Introduction Who is Gaia Holmes? Why am I illustrating? Prologue of sorts.



Constellations Somewhere in the middle of a poem you draw the shape of the plough on the stickleback ridges of my spine. There is no first line to explain the beginning. We start at the centre and our wicked history melts away like butter. Later we walk outside. The late air slaps us into sobriety and you stop me by the factory to point out the night’s constellations with your artist’s finger. I am not like you. I don’t need to give everything a title. I want to leave this open and as wide as the sky. There is no last line to explain the end. I want to see the stars as stars.



Charm He could charm the poison out of fox gloves and used his skills to quicken my heart. I wondered what he fed on: frayed liturgies and the secret dreams of women, toxic spores translated into messages of lust, slivers of the dank March sky rolled up like pickled herring. I never knew. He always skimmed me, left me hooked on some potent pollen, some sacrificial line, some cold gap between sentiments.

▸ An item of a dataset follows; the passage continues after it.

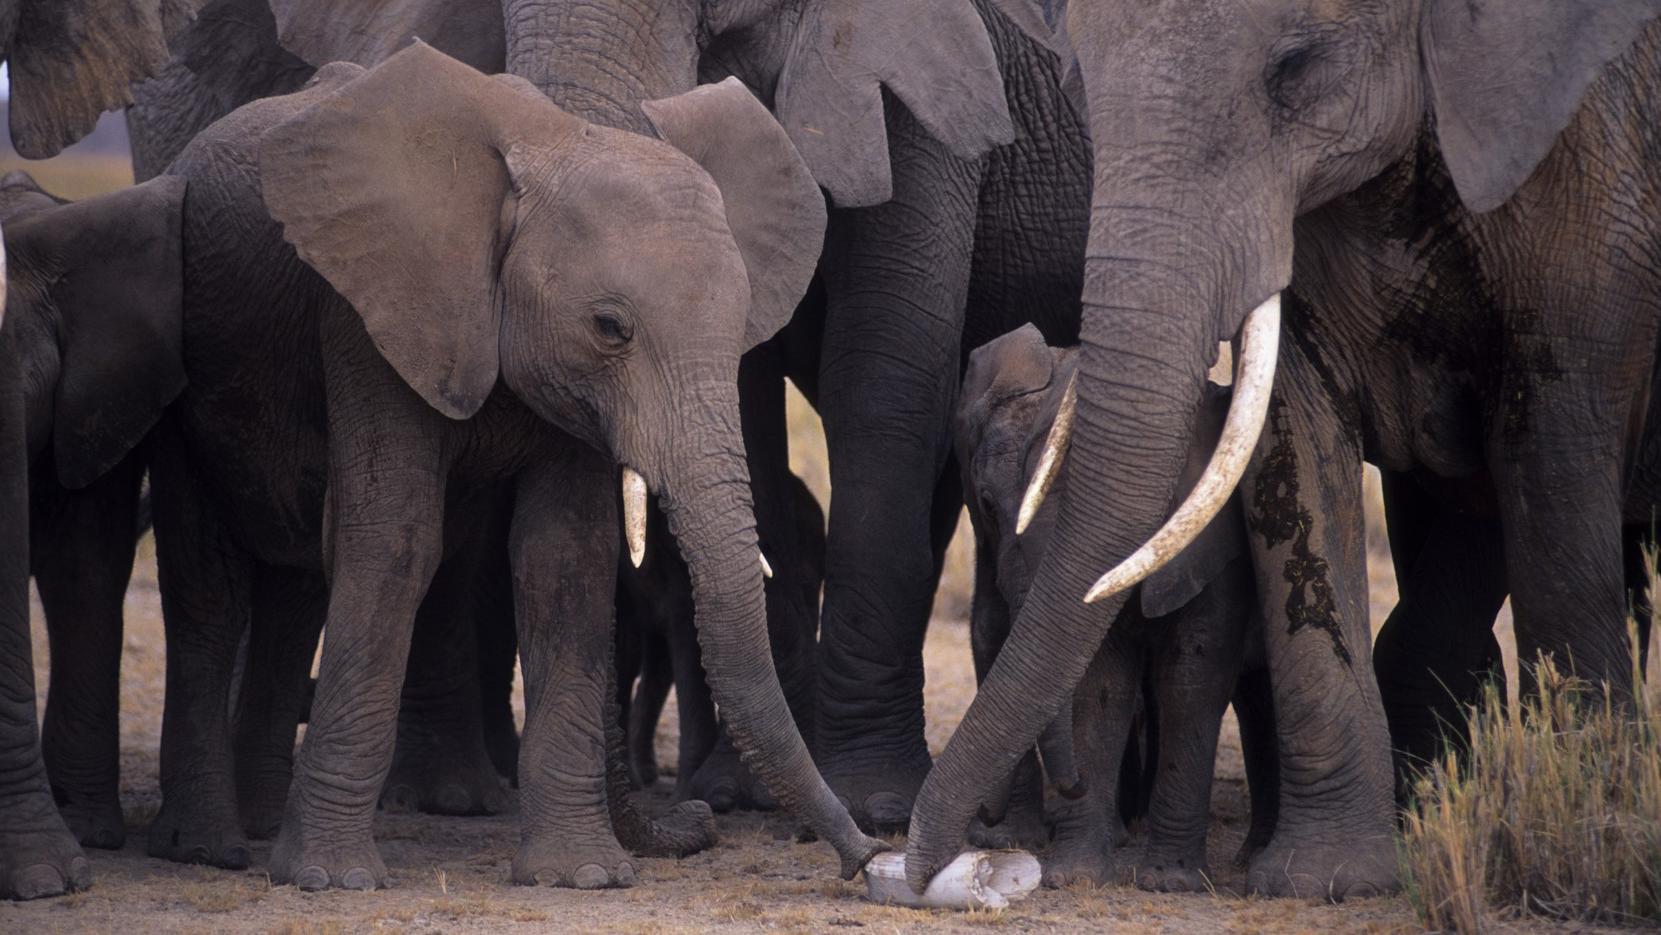 elephants_01_0.jpg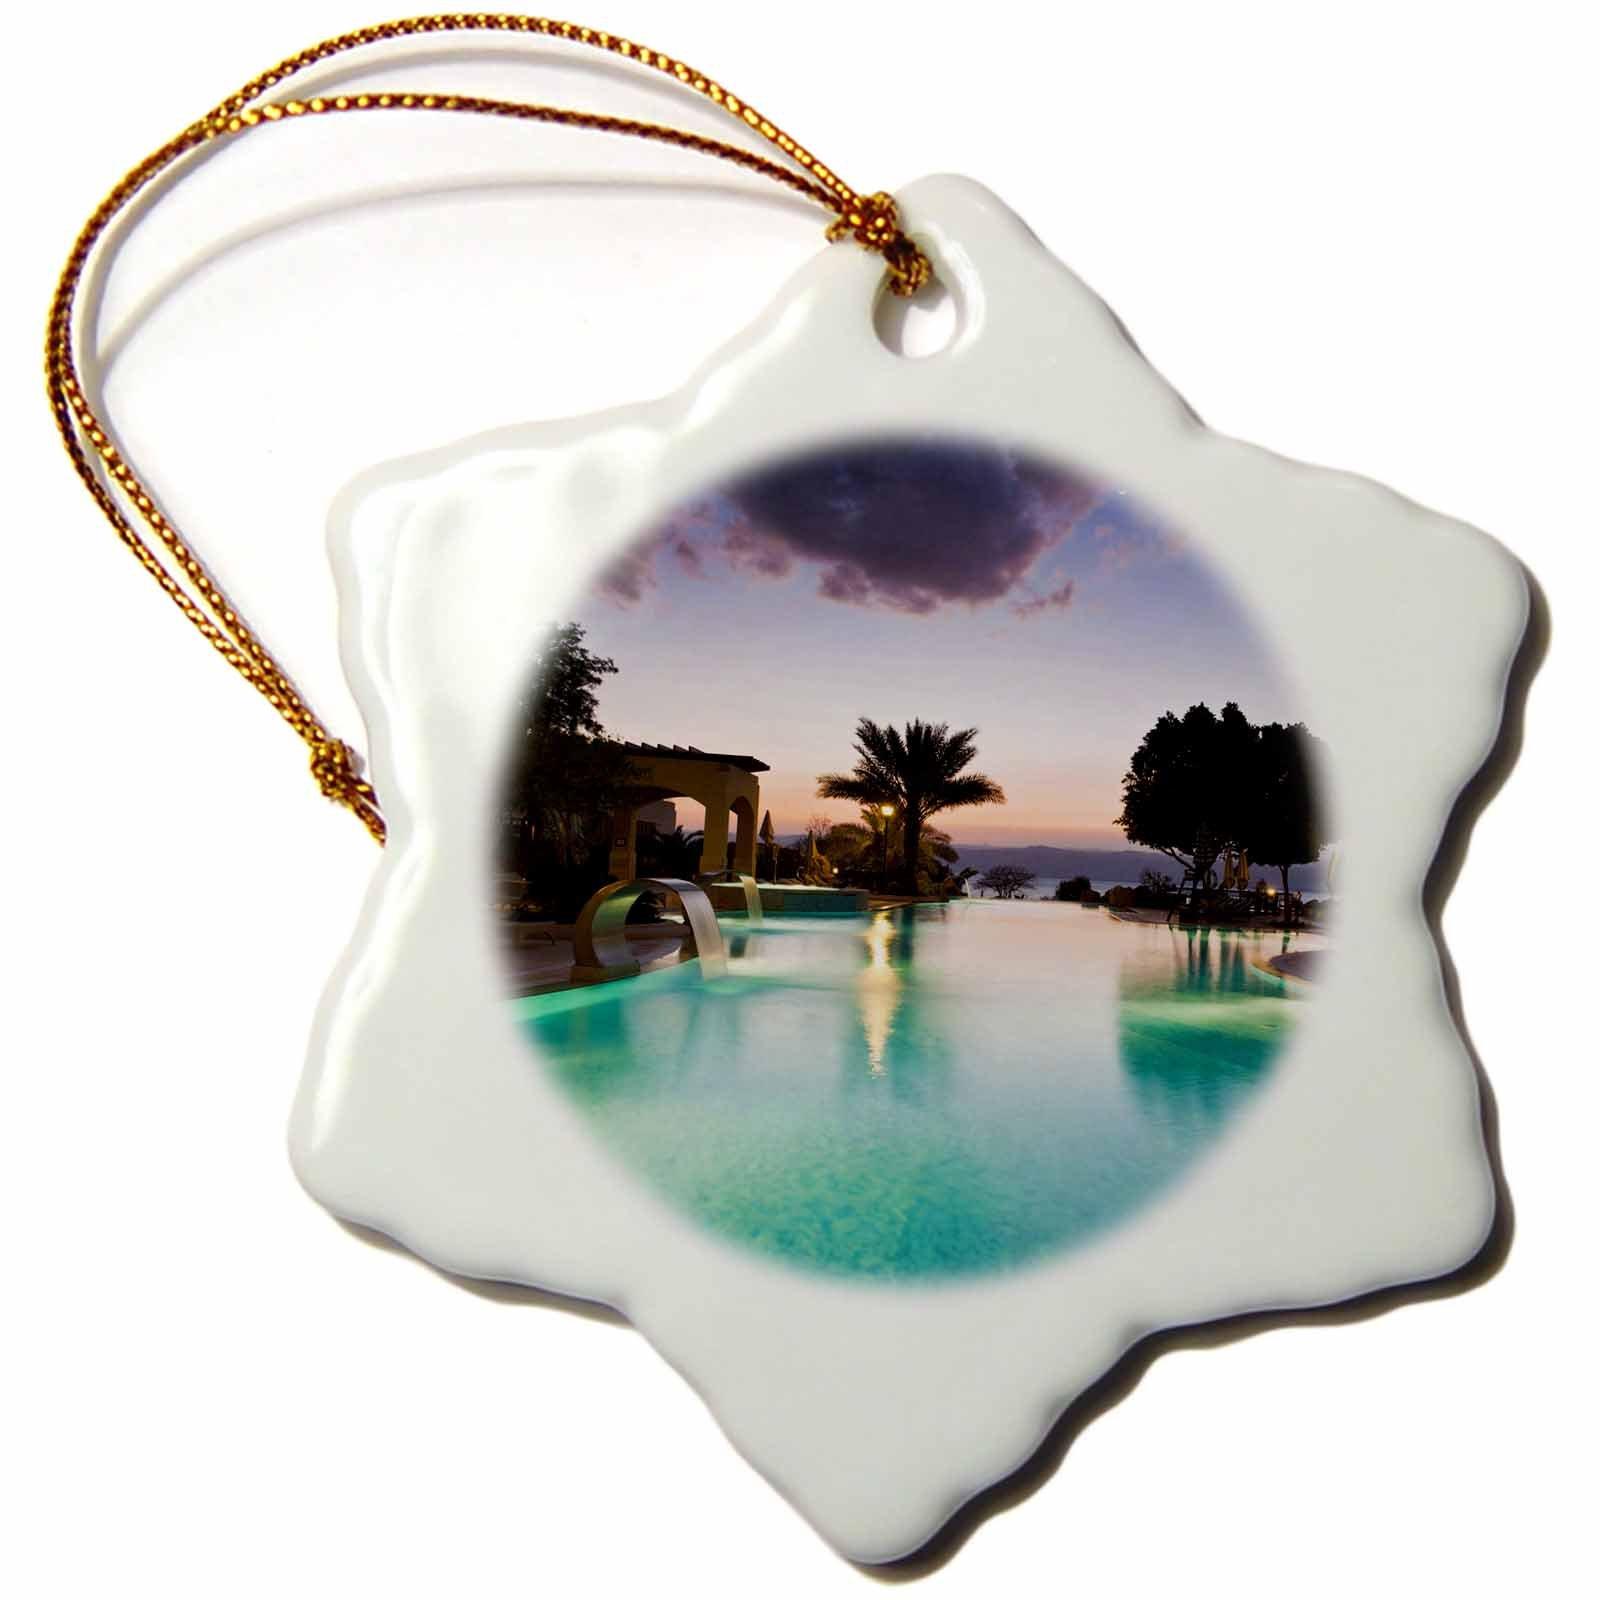 3dRose orn_72644_1 Jordan, Dead Sea, Suweimah, Pool, Marriott Hotel-AS16 WBI0174-Walter Bibikow-Snowflake Ornament, Porcelain, 3''

His fingers were like cathedrals, too big to untie my delicate knots yet he knew me inside out like he knew the names of flowers and bats and clouds, like he knew how to throw daggers without skewering the soul. He could sniff out creeping wolf-men and crack their backbones with a lazy wink, worked my fingers to his throat like a snake charmer, made me slide and arch with his singing breath. After we’d loved and I was doped up on glow he laid wet silver on my eyelids believing it would bring him luck.



The Banshees He heard the Banshees singing weeks before she died. Each night their cold blue keening stained his dreams, or in the day time one of their discordant notes would find him, get lodged in his body like a trapped wasp, somewhere between his heart and his brain. I tried to diffuse their mournful racket, trained myself to coo like a wood pigeon, breathe, like yeast expanding in proving dough, whisper, like the soft crackle of crocus shoots pushing through the crust of a bulb. I asked the wind to sing something gentle, told the moon to hum as it nosed its way through the dark, worked hard to raise the volume of our bodies as we loved: our hearts thumping, our blood roaring, our bones colliding. But on that day I had no song strong enough to hold them back. They came wailing, whey-faced, raw-eyed, stood at the end of the bed and sung him the long, demented opera of her death.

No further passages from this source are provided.